> [WHAT YOU WILL DO]:
Write out an exact copy of the line containing "supra sneakers online" and all lines that follow it in the data below, leaving out pictures.

> [DATASET EXCERPT]:
# # # # #

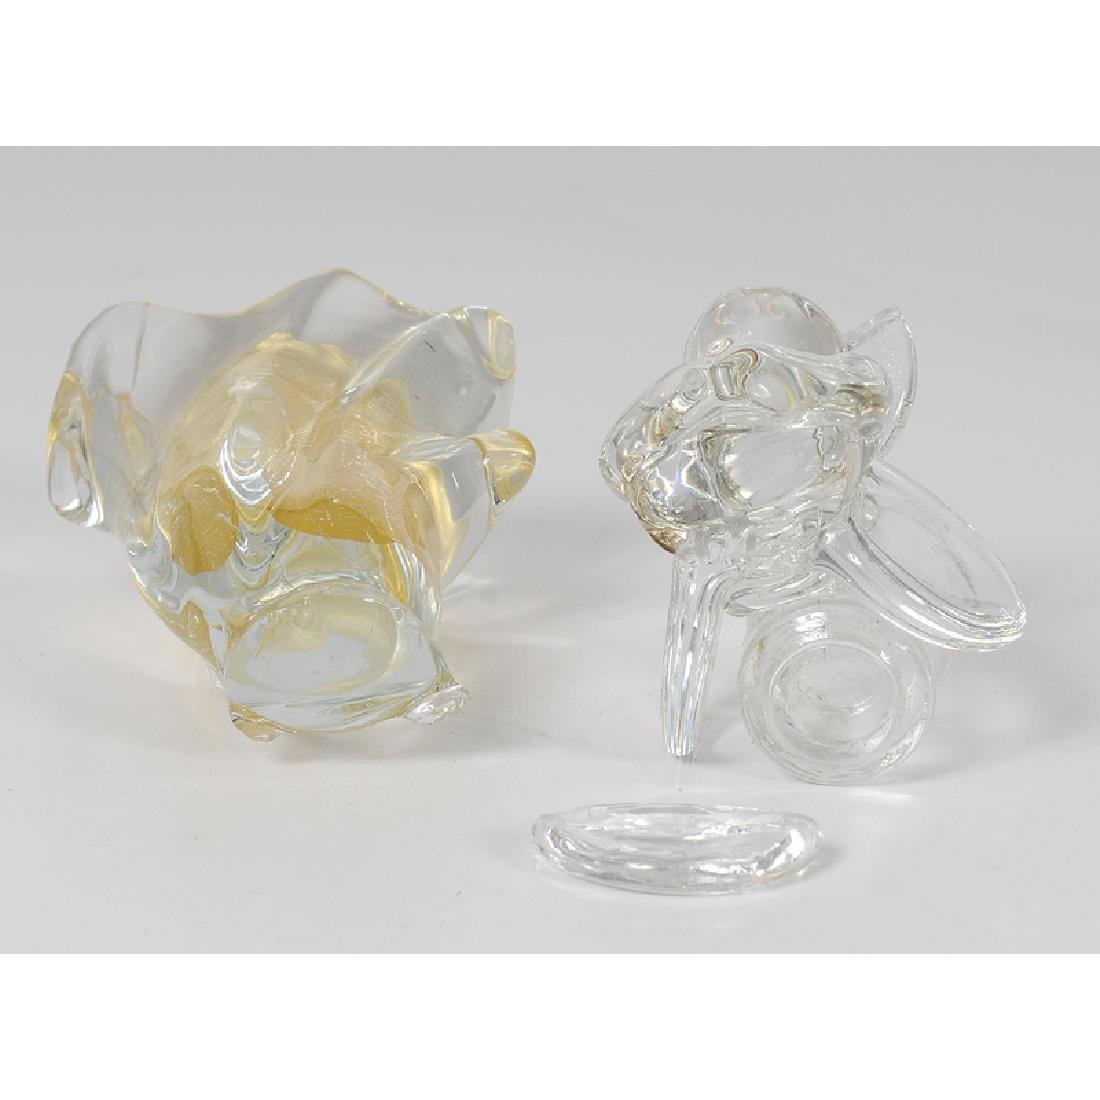 Assorted Glass and Ceramic Decorative Items Including - 2
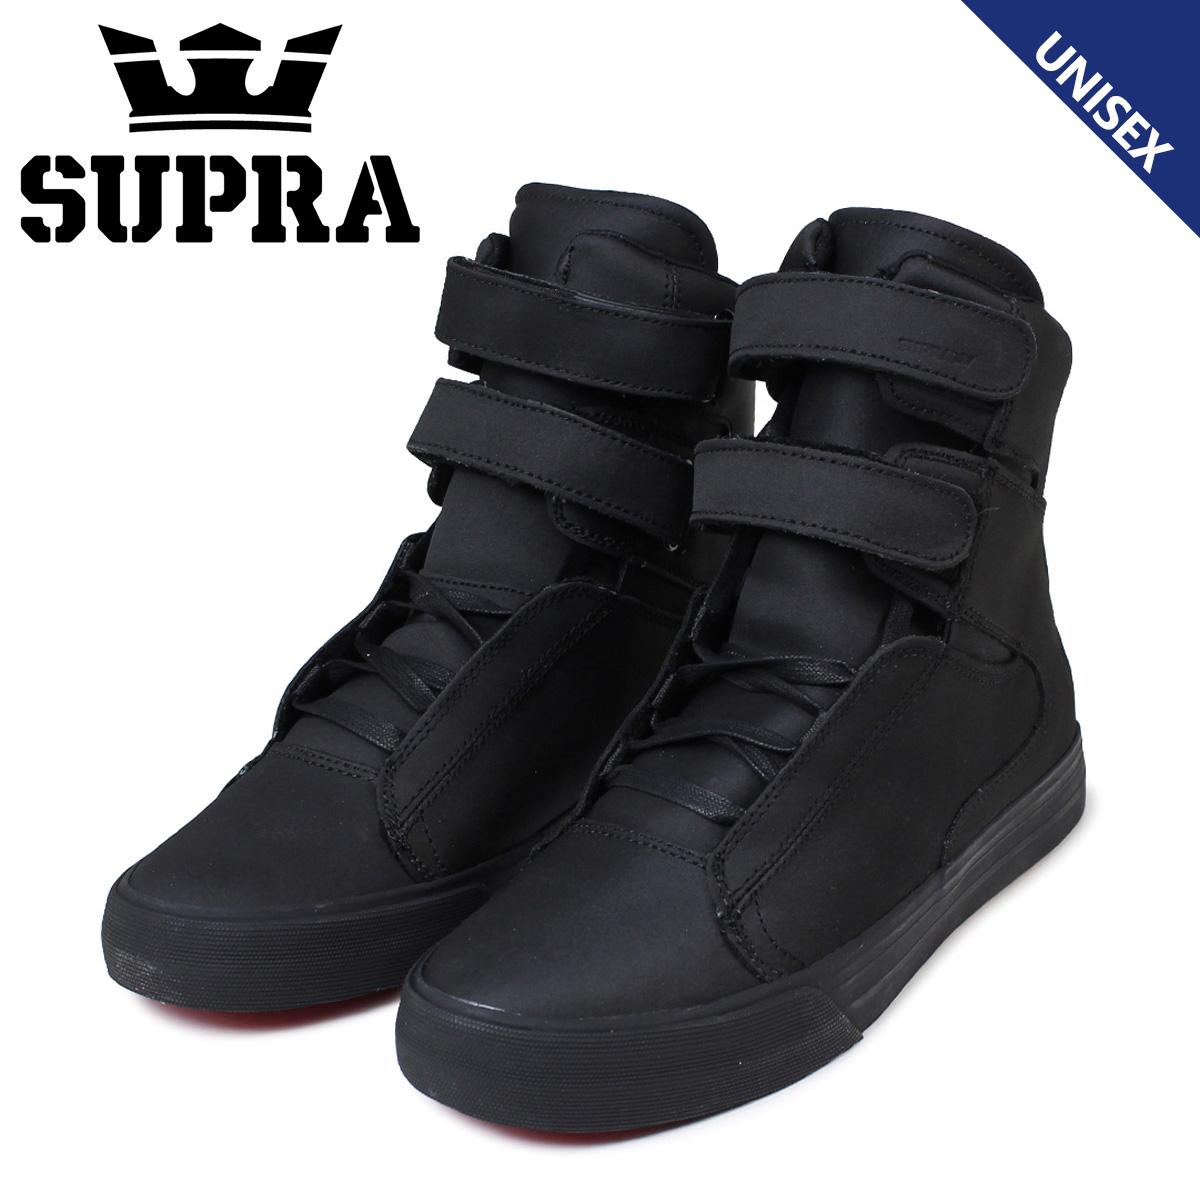 supra sneakers online shop, Männer Supra Skytop Schuhe Weiß
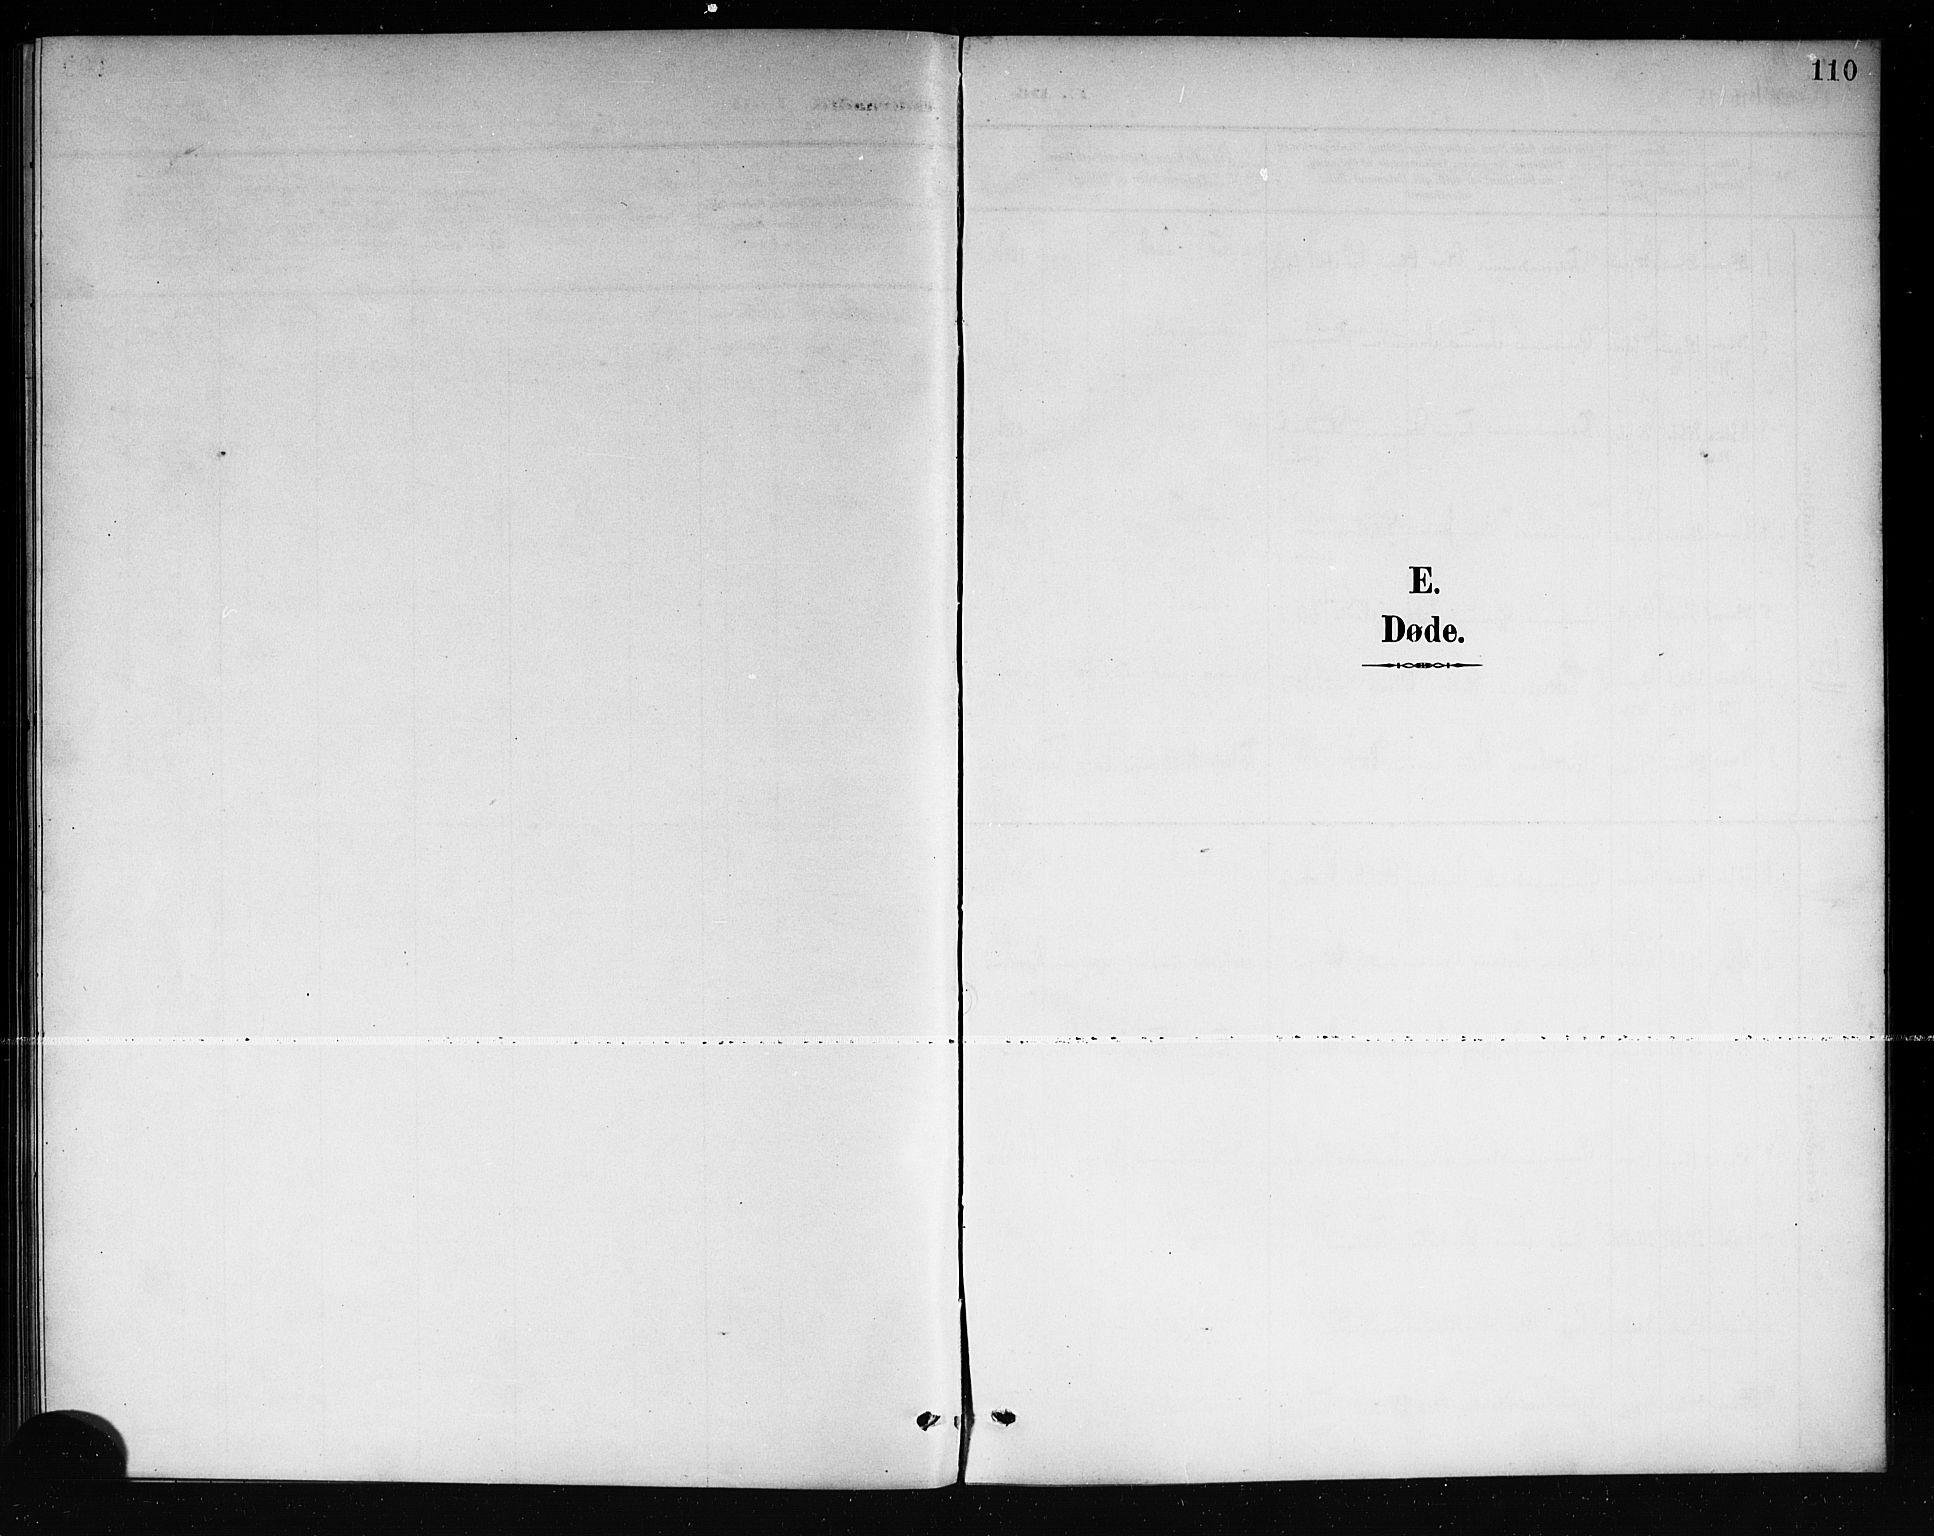 SAKO, Mo kirkebøker, G/Ga/L0002: Klokkerbok nr. I 2, 1892-1914, s. 110

# # # # #

> [WRITTEN RESPONSE]:
 supra sneakers online shop, Männer Supra Skytop Schuhe Weiß
 SAKO, Mo kirkebøker, G/Ga/L0002: Klokkerbok nr. I 2, 1892-1914, s. 110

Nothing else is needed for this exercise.